'Look at What They Did to Us'
By Jim Hoagland
Friday, September 28, 2001; Page A39
NEW YORK -- Small fires still smoldered this week in the tumbling ridges of twisted steel and pulverized concrete at Ground Zero NYC. A covered but incandescent anger also burns in this city even as it dresses its war wounds with clear and present heroism. Do not lose sight of that heroism, or of that deferred anger.
President Bush is said to have found a mission in responding to the Sept. 11 acts of mass murder. To visit Ground Zero is to understand that the American nation has found a duty: to remember what happened here every day forward and to inflict methodical and terrible retribution on those who killed or helped kill members of the American family.
The ruins of the World Trade Center twin towers resemble the crisis itself: You focus on the details that are relevant to you and make what you will of the rest. Etched in the broken girders and smashed skyscraper terraces hurled to earth is the easily discernible terrorist message of hatred and fury.
We also need to comprehend and heed the message of human decency, determination and love written by the rescue workers, police officers, firefighters and others who cling to this site two weeks on. They still work through numbing exhaustion to find bodies, limbs, clothing, mementos, anything amid a million tons of debris that might comfort the grieving families of their missing or dead brethren.
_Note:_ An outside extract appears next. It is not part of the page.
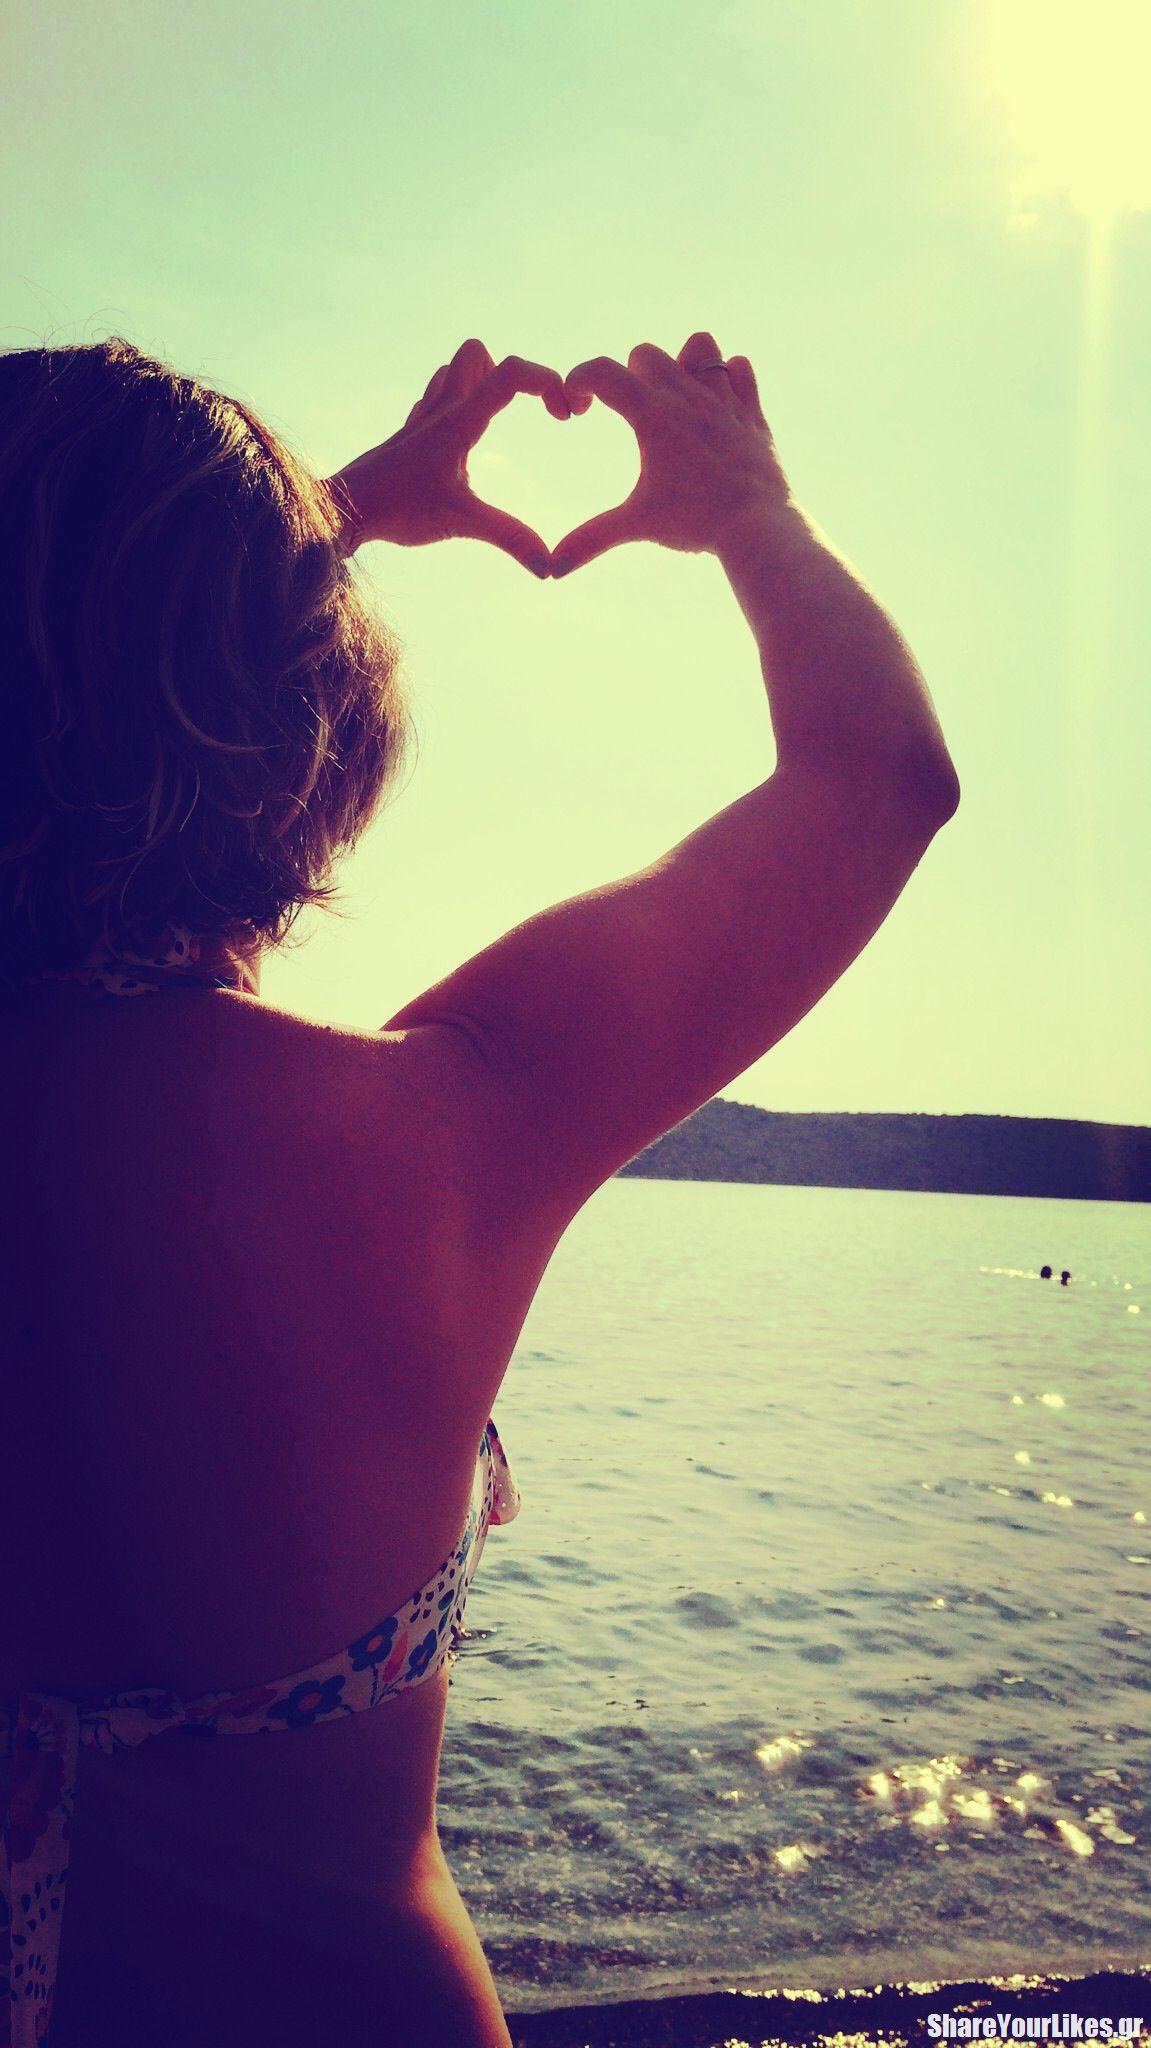 heart_sea_sun

"There are families that want enough to fill a coffin and end terrible uncertainty," a policeman tells me as we stand in the unearthly silence of the ruins of World Trade Center Building 5.
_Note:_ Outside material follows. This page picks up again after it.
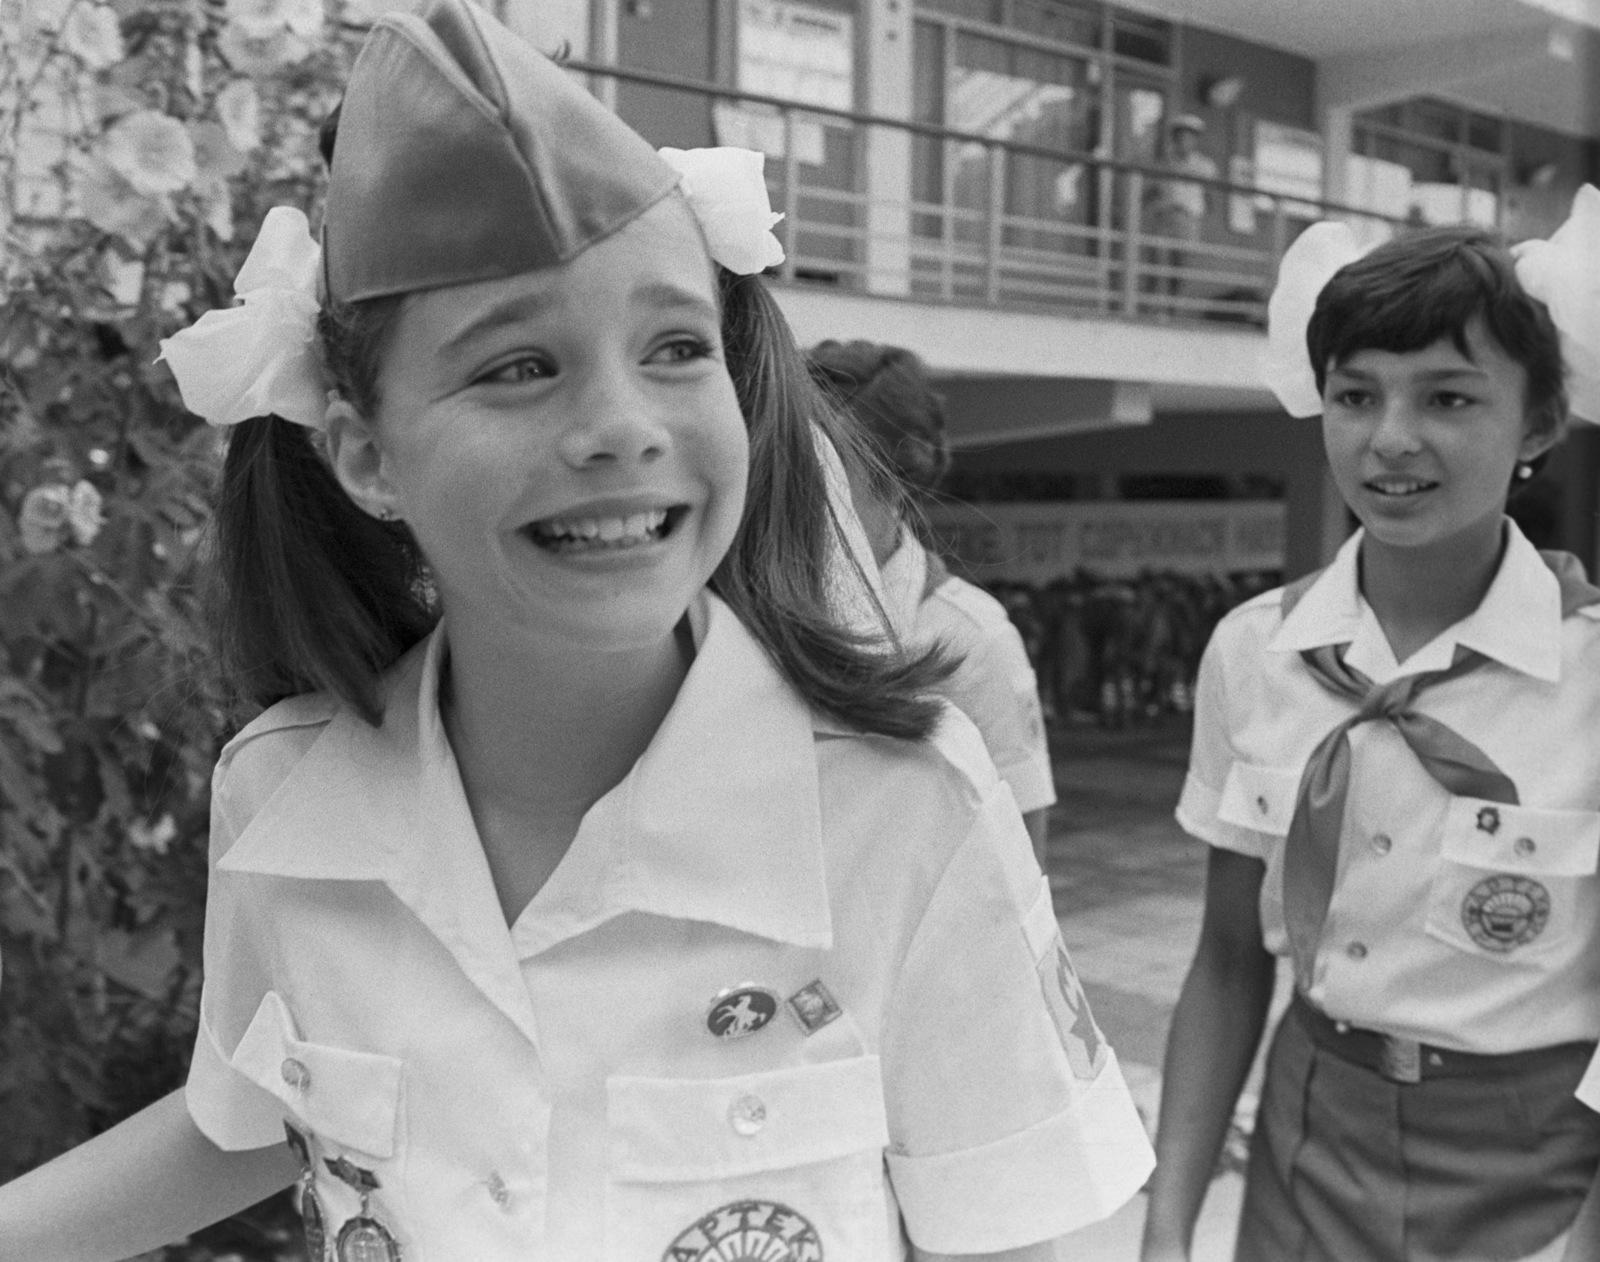 Саманта Смит в «Артеке», 1983 год / Валерий Зуфаров, ТАСС

The abstractions that rule Washington's official response -- the building of "coalitions of the willing," the disputes over releasing or concealing evidence to other nations, the rearranging of bureaucratic fiefdoms in the Cabinet -- seem remote and unreal here in the hole cut into Manhattan by suicide pilots from the Middle East.
War damage is suddenly part of New York's physical and emotional landscapes. To walk or drive near Ground Zero for the year it may take to clear the site will be like traveling through Berlin or Hamburg four decades ago, when a ghostly vacant city block would suddenly pop up between gleaming new skyscrapers. It is as disorienting as a missing front tooth in a beautiful smile.
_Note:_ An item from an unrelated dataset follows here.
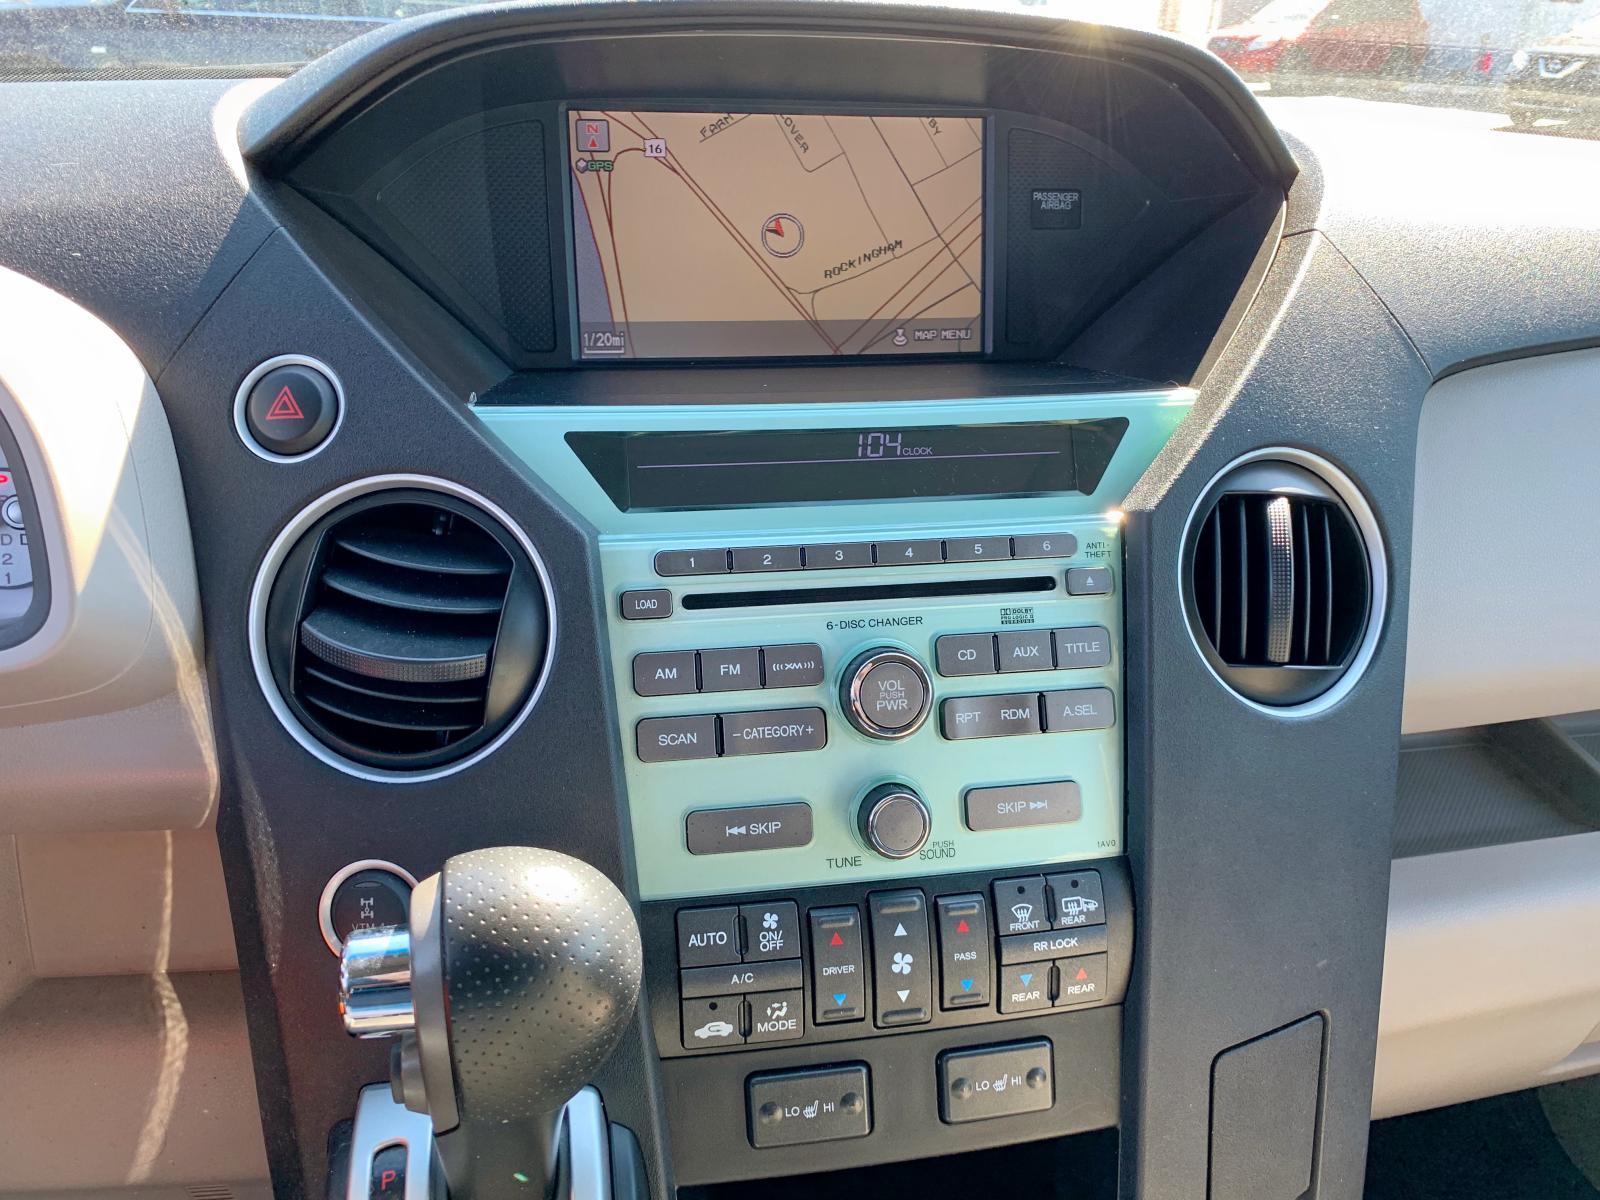 2011 Honda Pilot Exln 3.5L front view

Wiring, snapped beams and smashed ducts twist out of one corner of the American Express building jutting into the sky and disrupting the universe like a broken bone sticking up through skin. A cavern punched through the building wall next door by a flying Trade Center beam grins crazily down from the 10th floor.
How has Beirut -- or the villages in Pakistan, Angola, Iraq or other places I have seen overrun by enemy armies -- come to New York's financial district, I silently ask. At least here there is no panic, flight from an advancing army or chaos as I gaze out on the destruction visited on thousands I did not know, and on one person I did.
That person was Neil Levin, a genuinely good man who gave his life to public service for New York state. Named as head of the Port Authority of New York and New Jersey a few months ago, he died trying to help his employees escape their offices at the World Trade Center. I joined hundreds of others in fighting back tears through a memorial service Tuesday night at Temple Emanu-el. Then Mayor Rudy Giuliani stood up to speak and our tears stopped.
Giuliani has throughout the crisis found words and gestures so authentic and simple that they transcend eloquence. He asked the rabbi's permission to have the audience rise and give Neil the standing ovation we would have given him in life. A cathartic lifting of spirit followed words from Giuliani that were sorrowful but rallying for his New Yorkers: "Look at what they did to us."
Look at what they did to us all. As the nation works its way through a response, it must never forget the people who have labored through their shock and grief at Ground Zero to help and to honor others, who have deferred their anger to cope with more urgent demands, who speak with heartbreak and heroism in those accents the rest of us so often mock.
President Bush and his aides deny that the United States seeks vengeance. Politicians have to say that kind of thing when they are assembling "broad-based" coalitions abroad.
But the police officers, the firefighters, the iron workers and others at Ground Zero have earned more than diplomatic footwork or other forms of temporizing. They will wait, but they will not wait for very long if their anger seems to go unrequited.